Zing Forum

Reading

ICLR 2026 Oral: Optimal Solution to Sparsity in Mixture-of-Experts Models—A New Paradigm for Reasoning Tasks

A joint team from Tokyo Institute of Technology and RIKEN proposes a new theory for optimizing sparsity in Mixture-of-Experts (MoE) models, reveals distinct scaling laws for reasoning and memory capabilities, and releases 65 open-source checkpoints.

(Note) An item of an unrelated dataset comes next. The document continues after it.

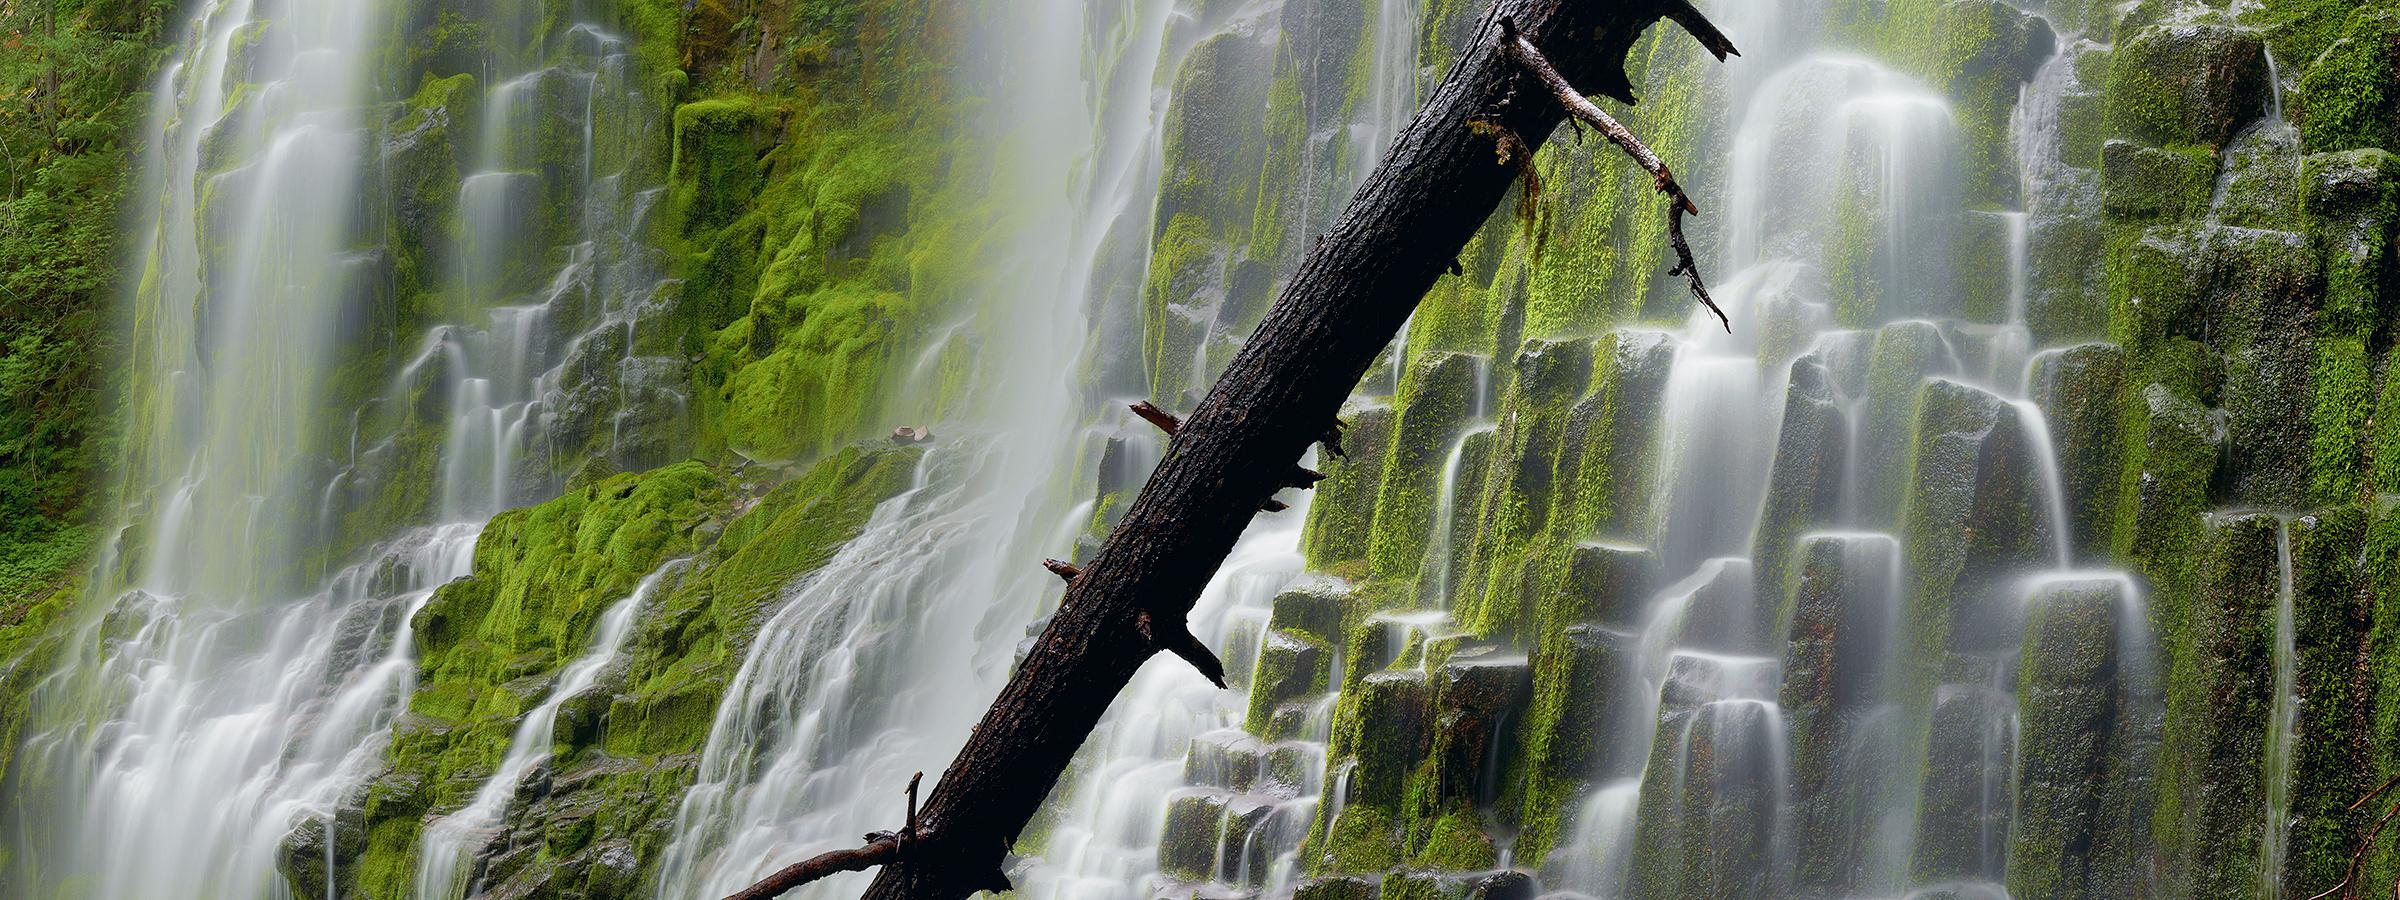 Top of the Falls to Ya.jpg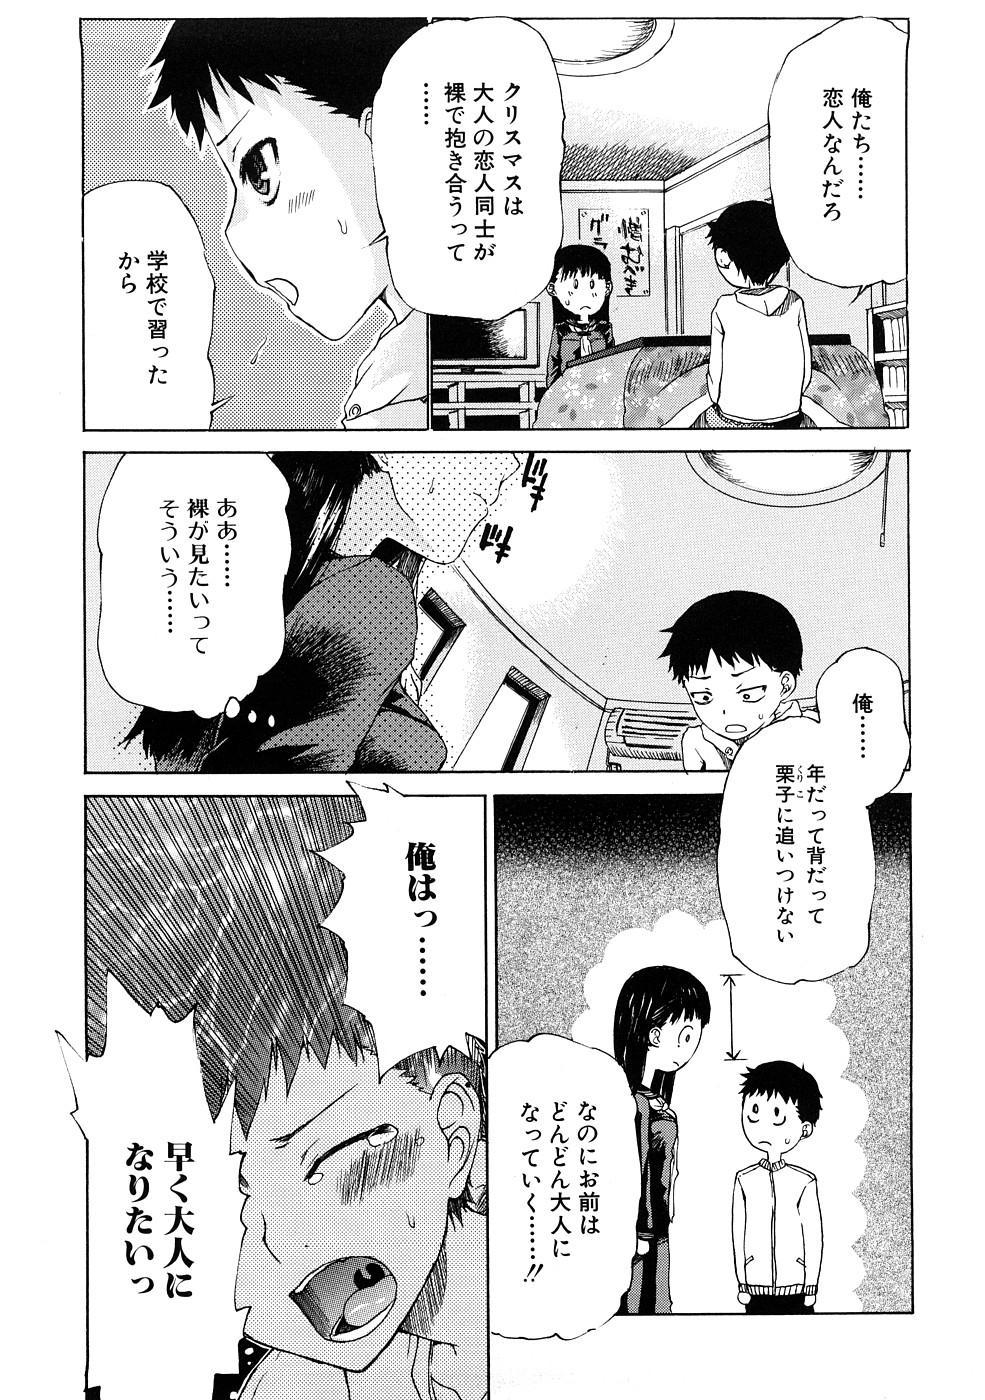 Ecchi de Jibunkatte de Kawaii Ko 69

MoE混合专家模型稀疏性ICLR 2026缩放定律推理能力LLM开源模型东京工业大学理化学研究所
Published 2026-05-01 00:03Recent activity 2026-05-01 00:17Estimated read 5 min
ICLR 2026 Oral: Optimal Solution to Sparsity in Mixture-of-Experts Models—A New Paradigm for Reasoning Tasks
1

Section 01

[Introduction] ICLR 2026 Oral Research Reveals Optimal Sparsity Solution for MoE and Capability Scaling Laws

The research on optimizing sparsity in Mixture-of-Experts (MoE) models by the joint team from Tokyo Institute of Technology and RIKEN has been accepted as an Oral paper at ICLR 2026. This study proposes that reasoning and memory capabilities in MoE follow distinct scaling laws, and fully open-sources 65 pre-trained checkpoints and related code, providing a new paradigm for MoE architecture design.

2

Section 02

Research Background: Challenges of MoE Architecture and Issues with Capability Dimensions

MoE expands model capacity while maintaining inference efficiency through sparse activation mechanisms, and has become a standard component in top systems like GPT-4. However, traditional scaling laws for dense models do not apply to sparse architectures. Additionally, Large Language Models (LLMs) possess two capabilities: memory (fitting training data) and reasoning (solving complex tasks), so it is necessary to explore the impact of sparsity on both and the differences in their scaling laws.

3

Section 03

Key Findings: Independent Scaling Principles for Reasoning and Memory Capabilities

The team proposes two robust principles: 1. Activated FLOPs determine reasoning capability—models with the same training loss but higher activated computation perform better in reasoning; 2. Token-per-parameter (TPP) needs balance—memory tasks favor more parameters, while reasoning tasks benefit from an optimal TPP. These laws are verified through Guided Reinforcement Pre-training with Optimization (GRPO) and test-time computation expansion, and the optimal sparsity needs to be determined during the pre-training phase.

4

Section 04

Experimental Validation: Systematic Support from 65 Open-Source Checkpoints

The team releases 65 pre-trained checkpoints (covering different hidden dimensions, number of experts, and Top-K configurations), trained based on NVIDIA Megatron-LM, and evaluated on benchmarks such as GSM8K/MATH (mathematical reasoning) and HumanEval/MBPP (code generation). They use methods like lm-evaluation-harness, and open-source data, code, and logs to ensure the reproducibility of the research.

5

Section 05

Practical Implications: Re-thinking the MoE Design Paradigm

It revises the traditional computationally optimal scaling landscape, requiring simultaneous consideration of activated FLOPs and TPP; guides resource-constrained teams to prioritize optimizing activated computation and data efficiency rather than blindly expanding parameters; the open-source checkpoints provide research resources for the community, accelerating the iterative optimization of MoE architectures.

6

Section 06

Technical Details and Open-Source Contributions

The project is based on NVIDIA Megatron-LM and the volcengine/verl framework. Pre-training scripts are located in scripts/pre-training/ (corresponding to Hugging Face checkpoints). It integrates EleutherAI's lm-evaluation-harness, provides evaluation scripts for math/code tasks, the taskloss-eval/ directory contains instructions for task loss evaluation, and test-time-compute/ supports self-consistent decoding.

7

Section 07

Conclusion and Outlook: Capability Decoupling Drives Architectural Innovation

This research provides a new perspective for the decoupling of LLM capabilities; future architectures may shift from a 'one-size-fits-all' approach to 'divide and conquer'. Optimizing MoE sparsity configuration will become a key topic, and the open-source resources lay the foundation for exploration in this direction, supporting the development of computationally optimal AI systems.